• Material provided:
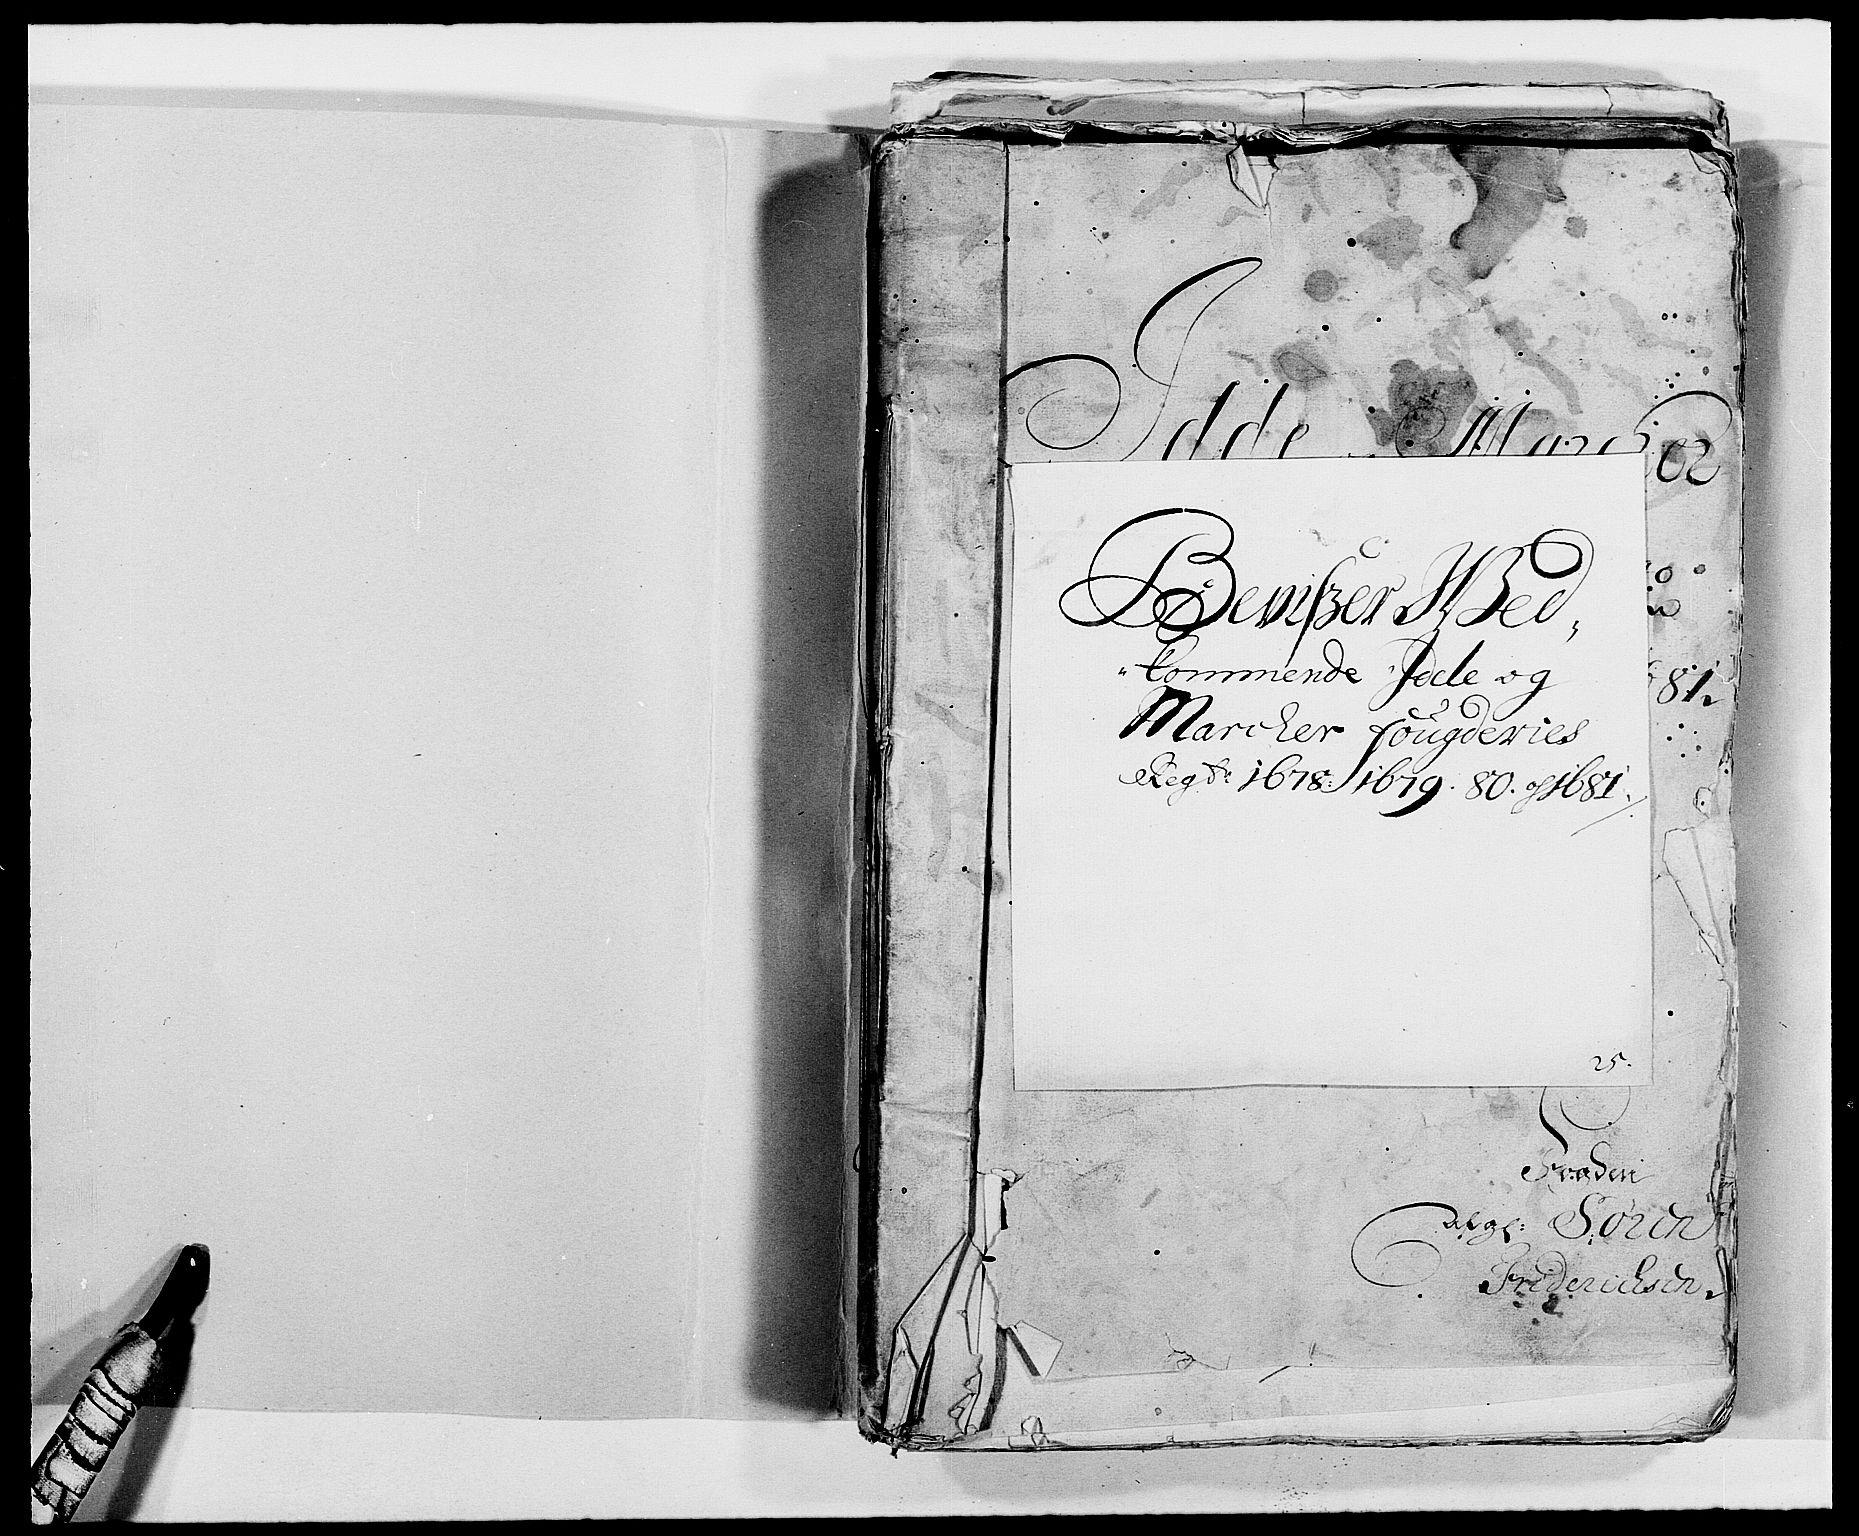 RA, Rentekammeret inntil 1814, Reviderte regnskaper, Fogderegnskap, R01/L0003: Fogderegnskap Idd og Marker, 1678-1681, s. 255
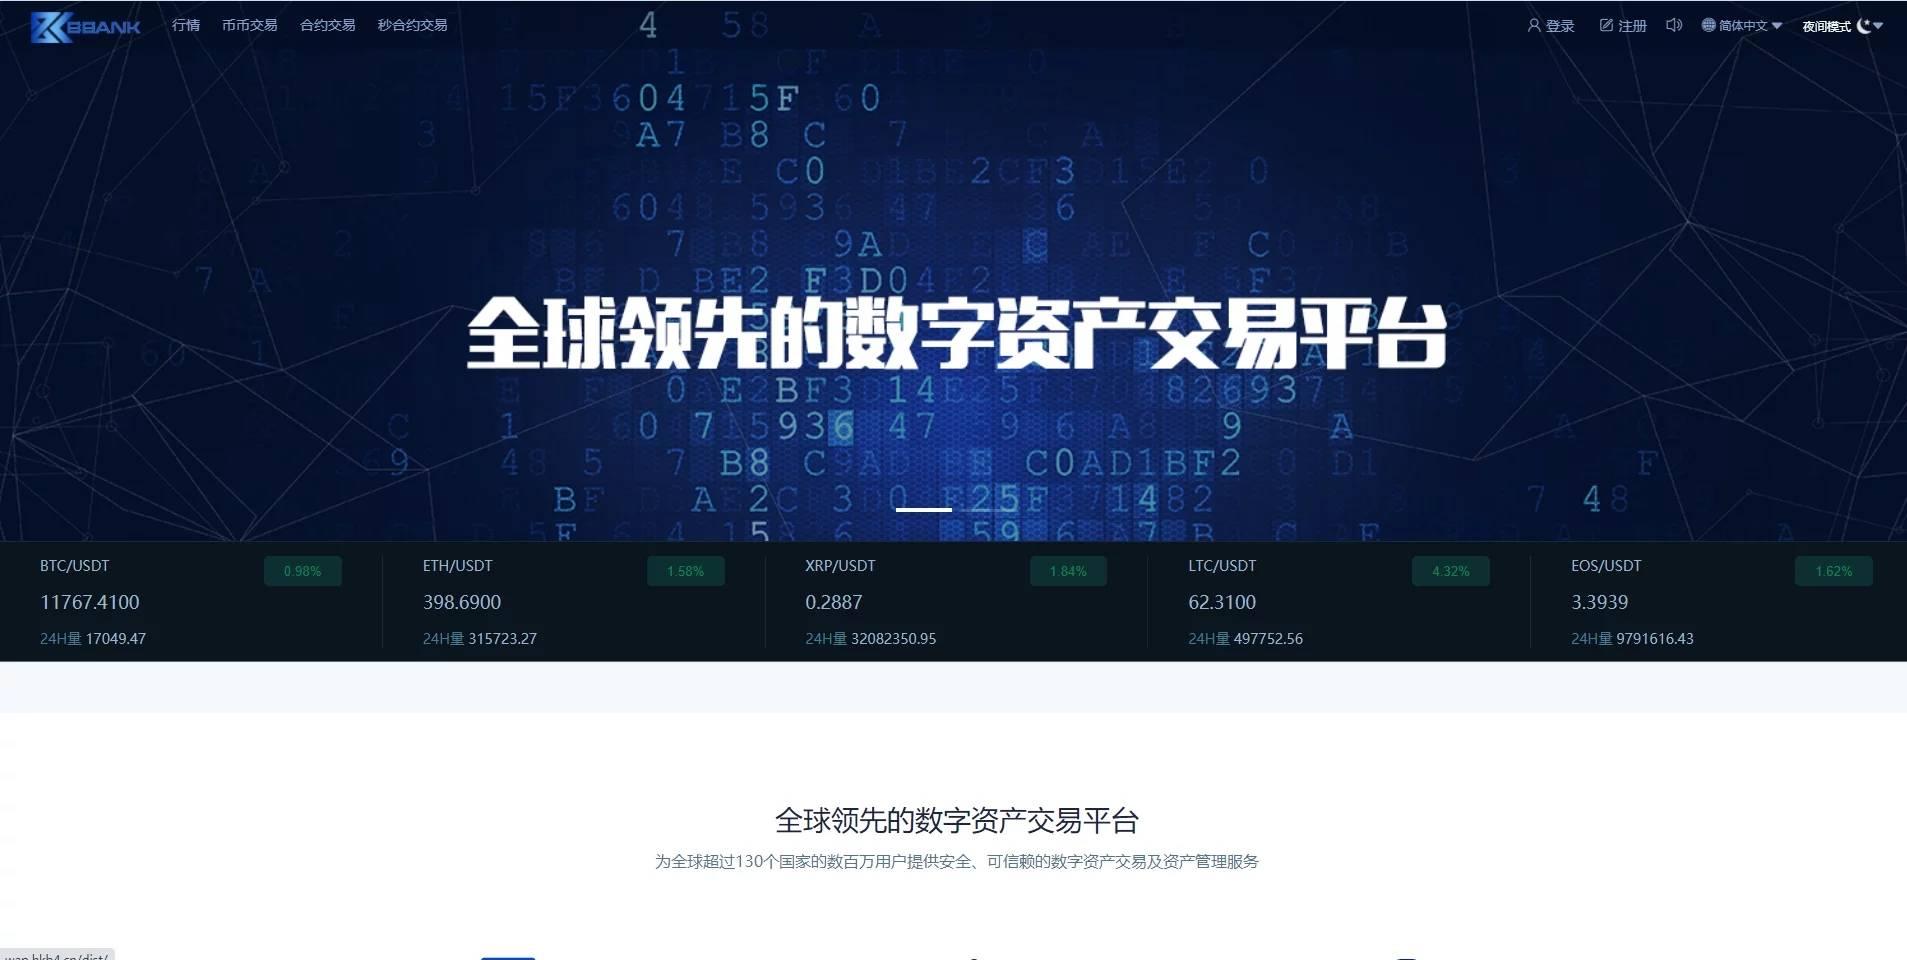 多语种数字资产交易所虚拟货币交易平台 源码下载
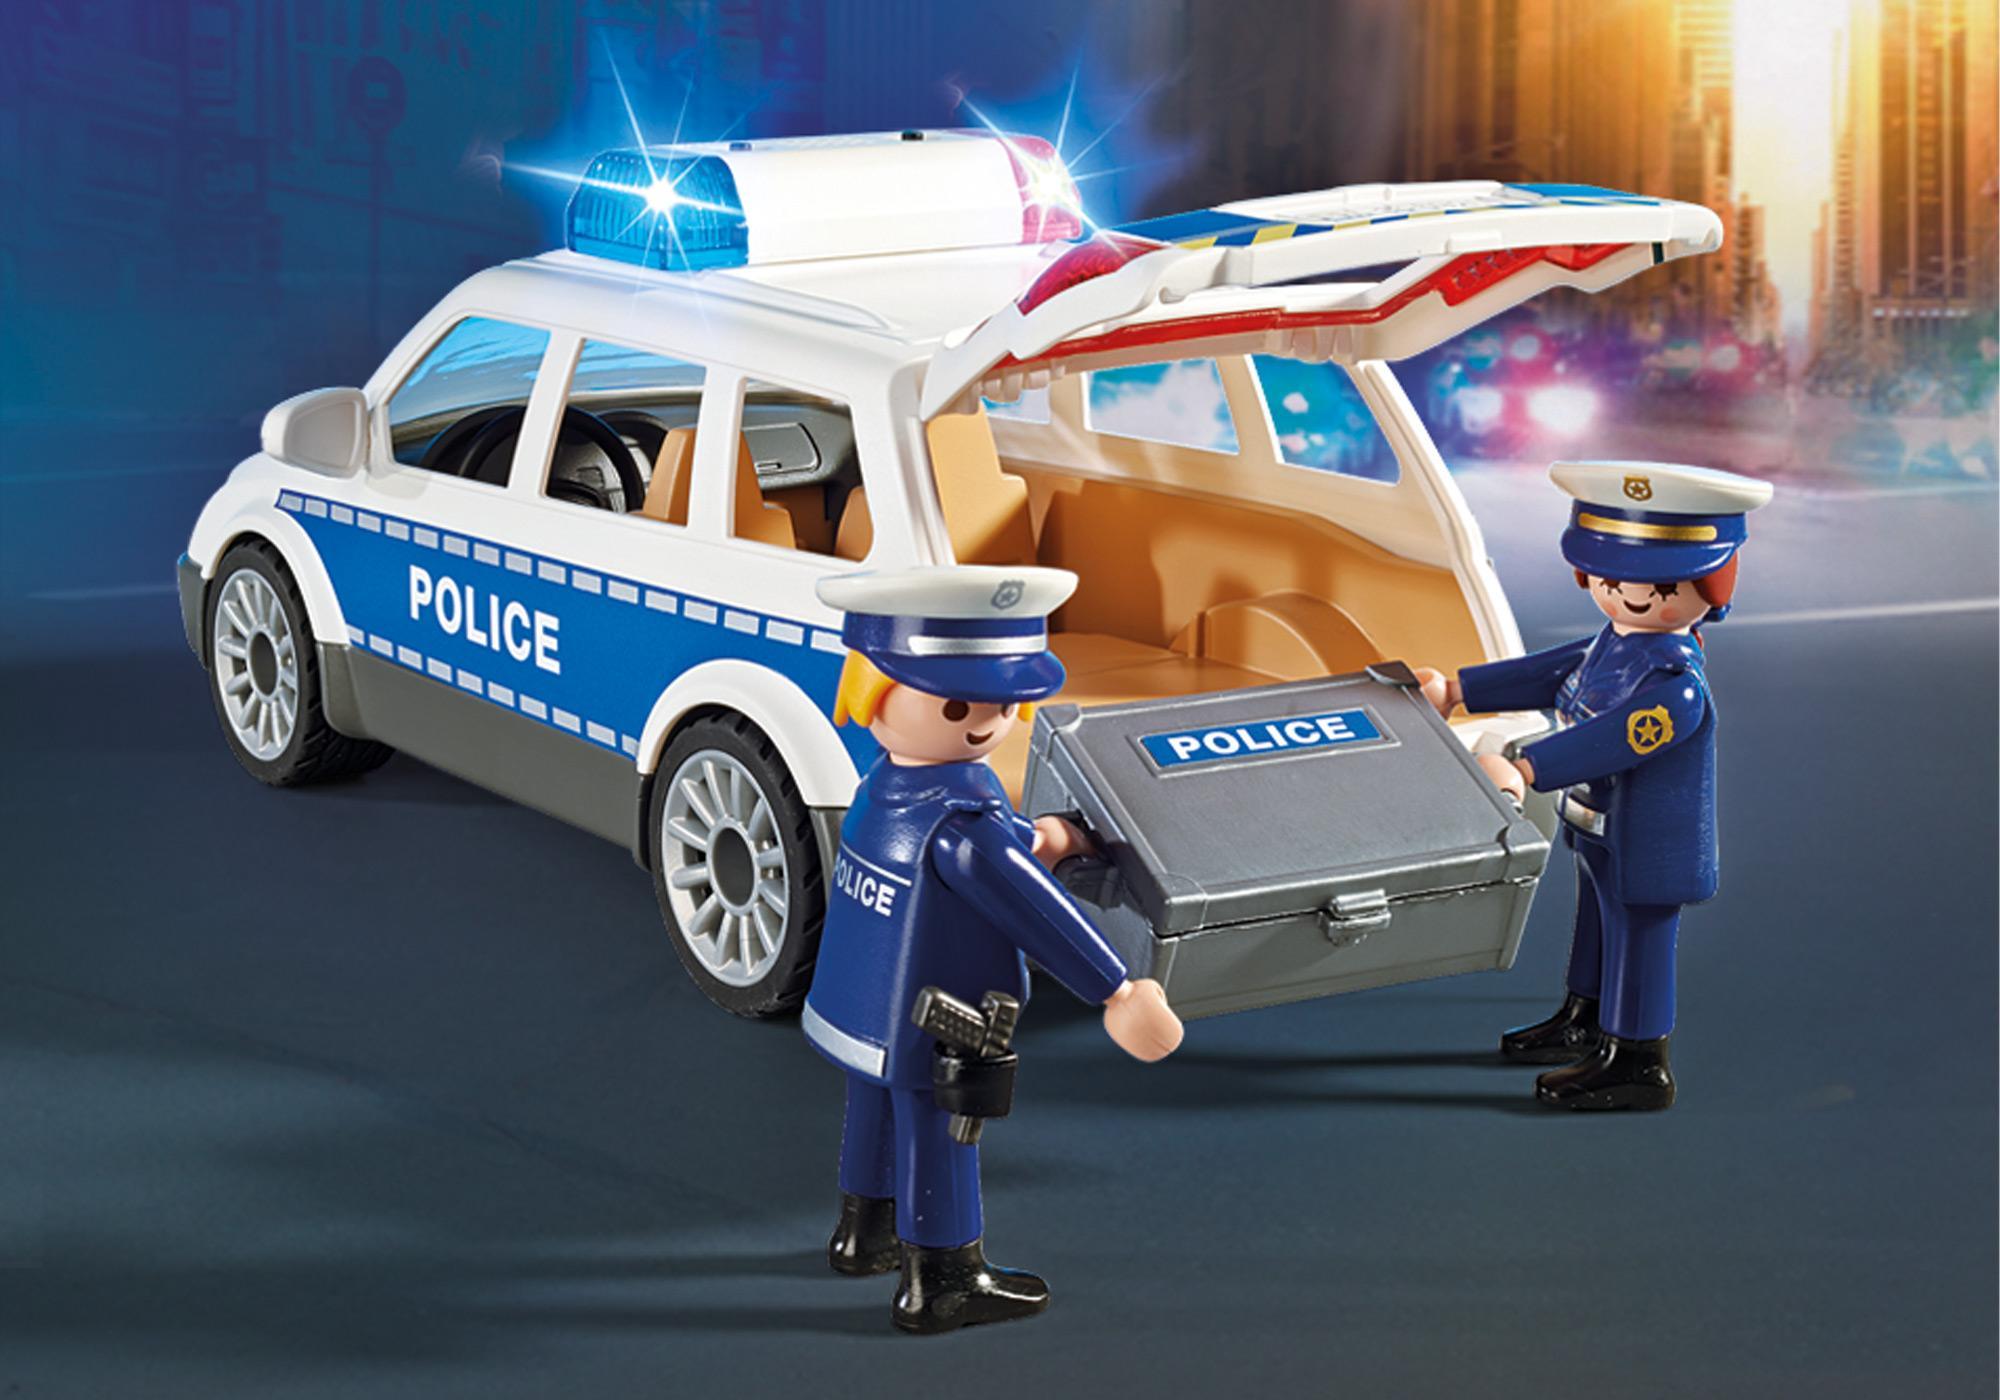 http://media.playmobil.com/i/playmobil/6920_product_extra2/Politiepatrouille met licht en geluid

• Task statement: The output is to be the material in full and unaltered, with pictures omitted.

• Exercise answer:
 RA, Rentekammeret inntil 1814, Reviderte regnskaper, Fogderegnskap, R01/L0003: Fogderegnskap Idd og Marker, 1678-1681, s. 255
 多语种数字资产交易所虚拟货币交易平台 源码下载
 http://media.playmobil.com/i/playmobil/6920_product_extra2/Politiepatrouille met licht en geluid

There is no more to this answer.